Мы очень сопротивлялись намерению врачей отправить нас в санаторий. Еще бы!.. Все готово к полету на Луну, а нам, экипажу первого космического корабля, предлагают ехать куда‐то в подмосковный санаторий, пить там парное молоко, собирать малину и ловить ершей! Но врачи победили. Они наотрез отказались дать разрешение на полет, если мы не отдохнем (Остроумов, 1954 (№ 4): 34).

Впрочем, возможны и другие, не связанные с предстоящей космической миссией ситуации настойчивого оказания энтузиастам врачебной помощи. Так, на ночное «чрезвычайное совещание» в Академии наук (справедливости ради нужно сказать, что повод действительно экстренный – глубоко под землей обнаружен артефакт, явно оставленный представителями инопланетной цивилизации) врывается личный врач одного из ученых с не допускающей возражений отповедью: «Шесть часов утра <…> поглядите друг на друга. Вы больные люди. Все, все больные люди» (Соловьев, 1957 (№ 1): 34).

Комичная фигура врача, оттеняющая жертвенный героизм советского энтузиаста, к тому времени уже присутствовала в соцреалистическом каноне, однако акценты, как кажется, смещаются. Теперь творческое, «возвышенное» воодушевление может вызывать легкую иронию: «Бурдин не перебивал профессора, лукаво рассматривая свои пальцы. Он узнавал Алешку Чернова, обычно немногословного, но в момент увлечения любившего поговорить, да еще в возвышенном тоне» (Фрадкин, 1956 [1955]: 28). А предельная погруженность в любимую работу – даже порицание: «Мне кажется, что у Константина Евгеньевича любовь к науке заглушает все остальные чувства. <…> Если мое мнение окажется неправильным, я буду очень рад. Я хотел бы, чтобы <Константин Евгеньевич> Белопольский, которого я глубоко уважаю, был более „человечным“. Если бы он рассмеялся так же искренно, как это делает Пайчадзе…» (Мартынов, 1955: 49).

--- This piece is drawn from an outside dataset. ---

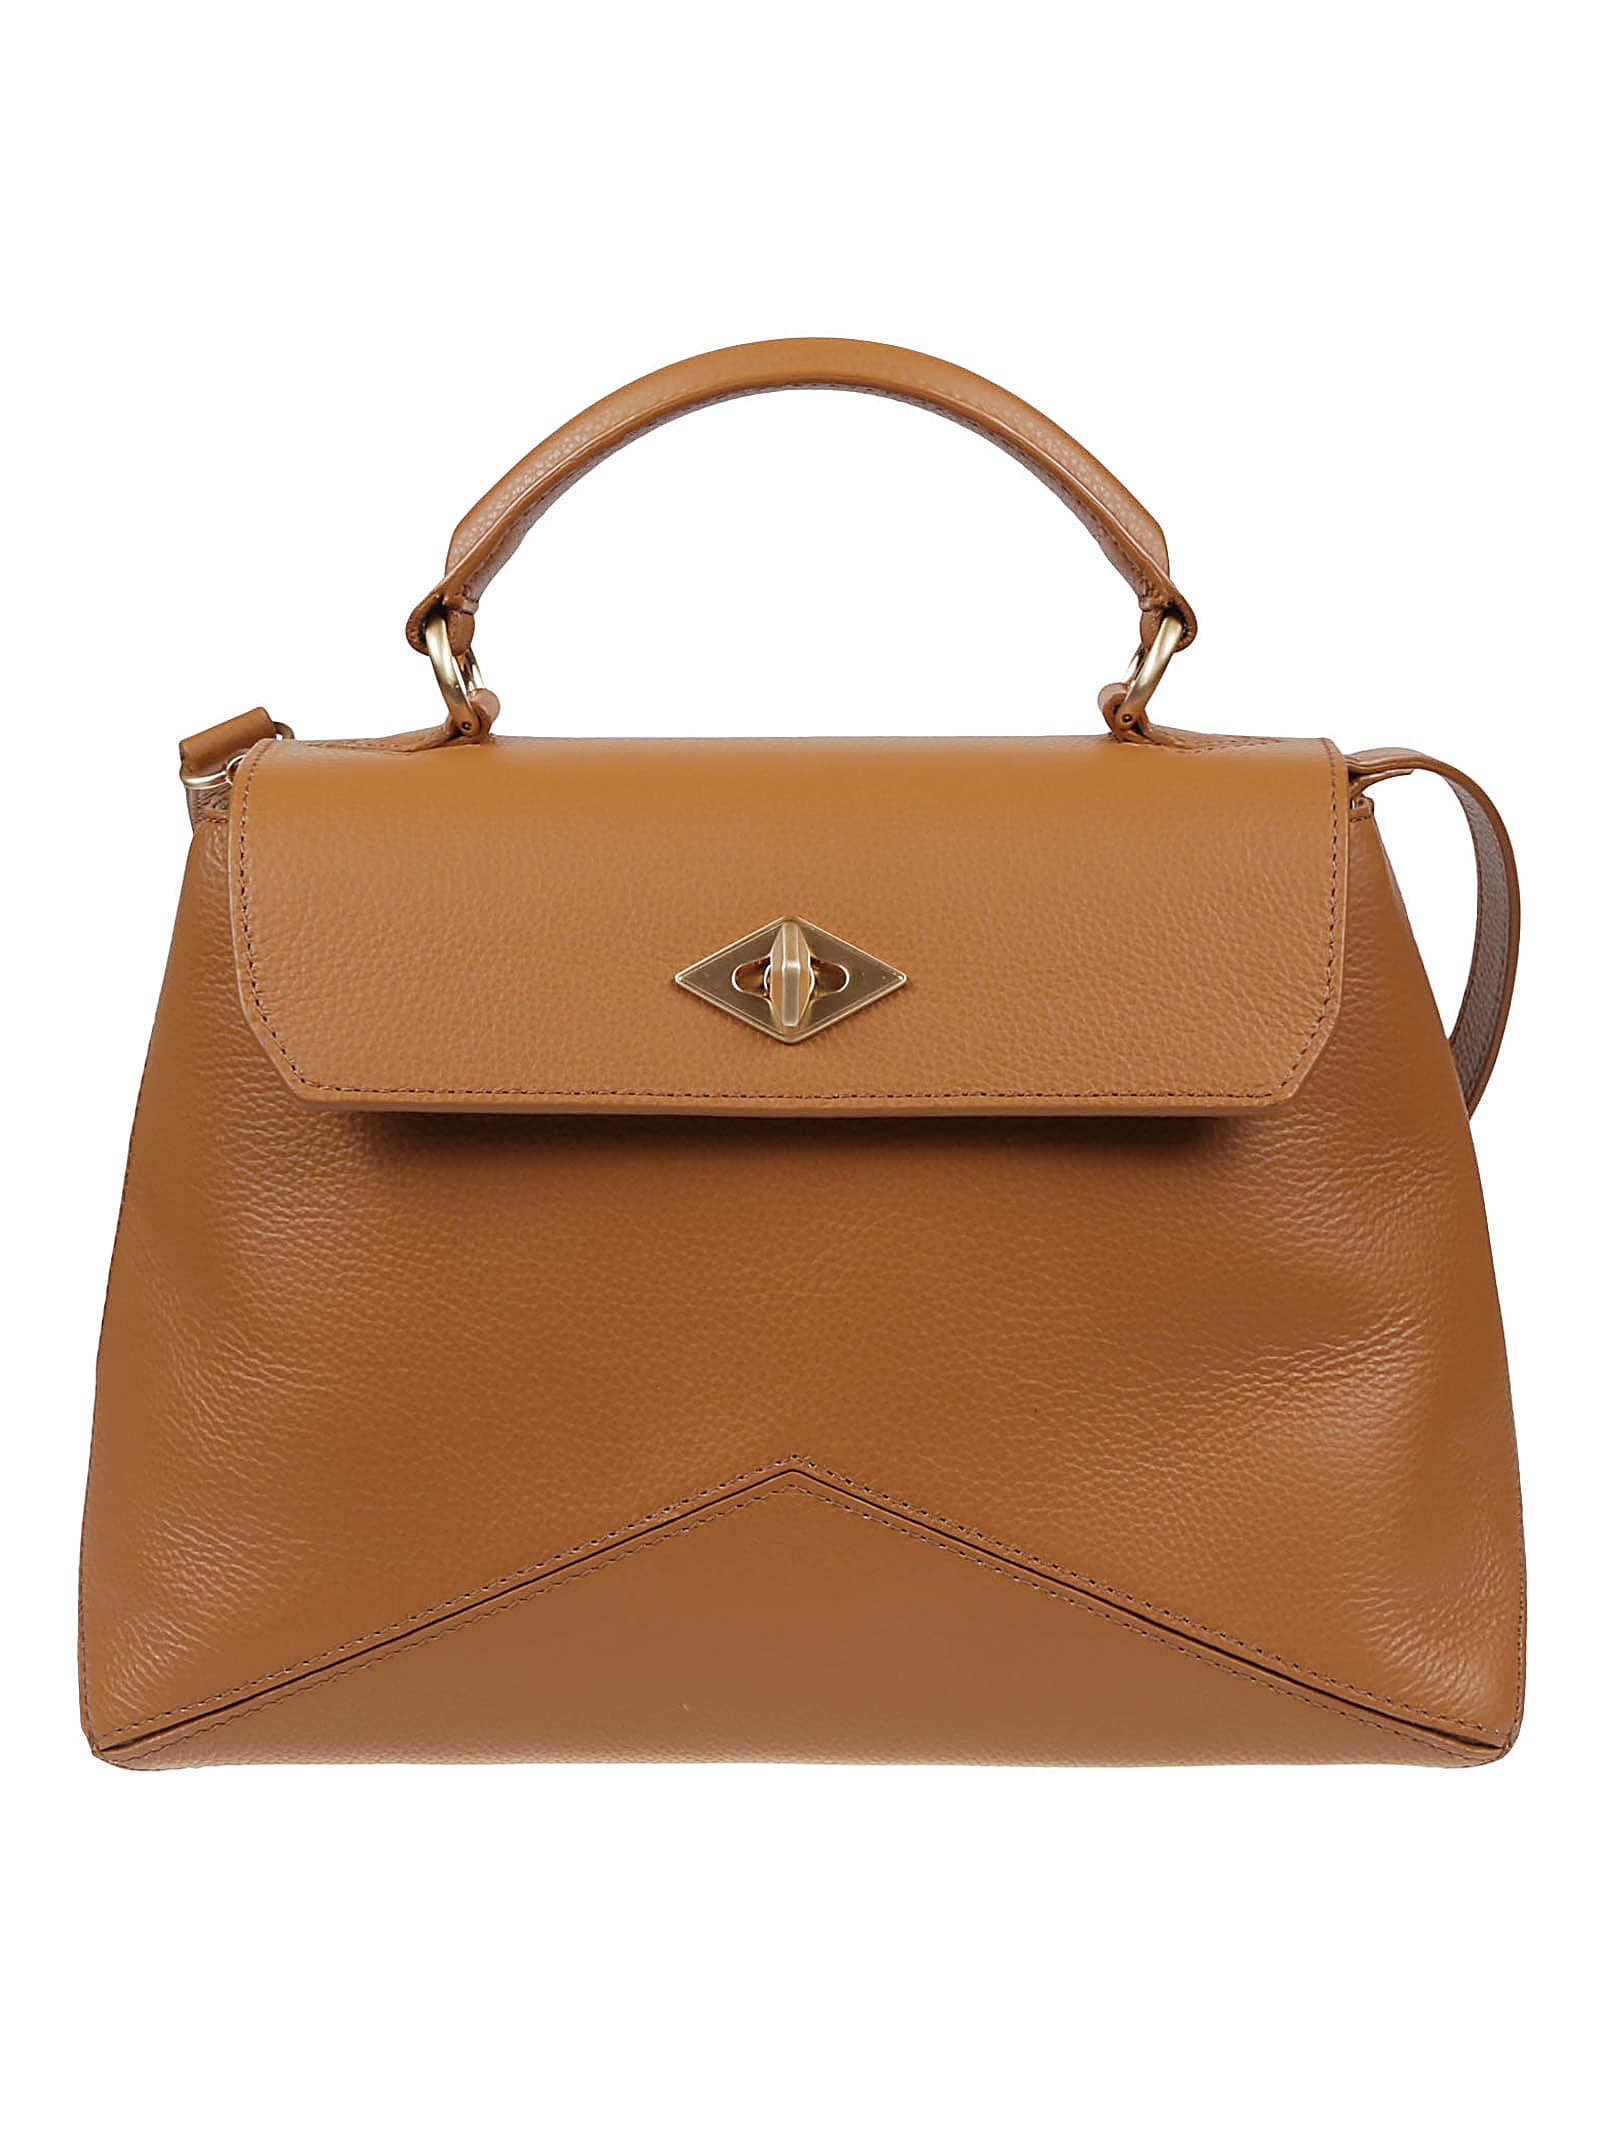 BALLANTYNE Bags for Women | ModeSens

Энтузиазм преимущественно описывается с позиции внешнего наблюдателя; увидеть, как устроен этот аффект, какие мотивационные механизмы его запускают, с какими структурами опыта он связан, практически невозможно. Собственно, метафорика «творческого вдохновения» здесь – один из способов умолчания и герметизации смысла: ссылка на некую внешнюю силу, захватившую энтузиаста как бы помимо его воли, создает иллюзию понятности, но мало что проясняет.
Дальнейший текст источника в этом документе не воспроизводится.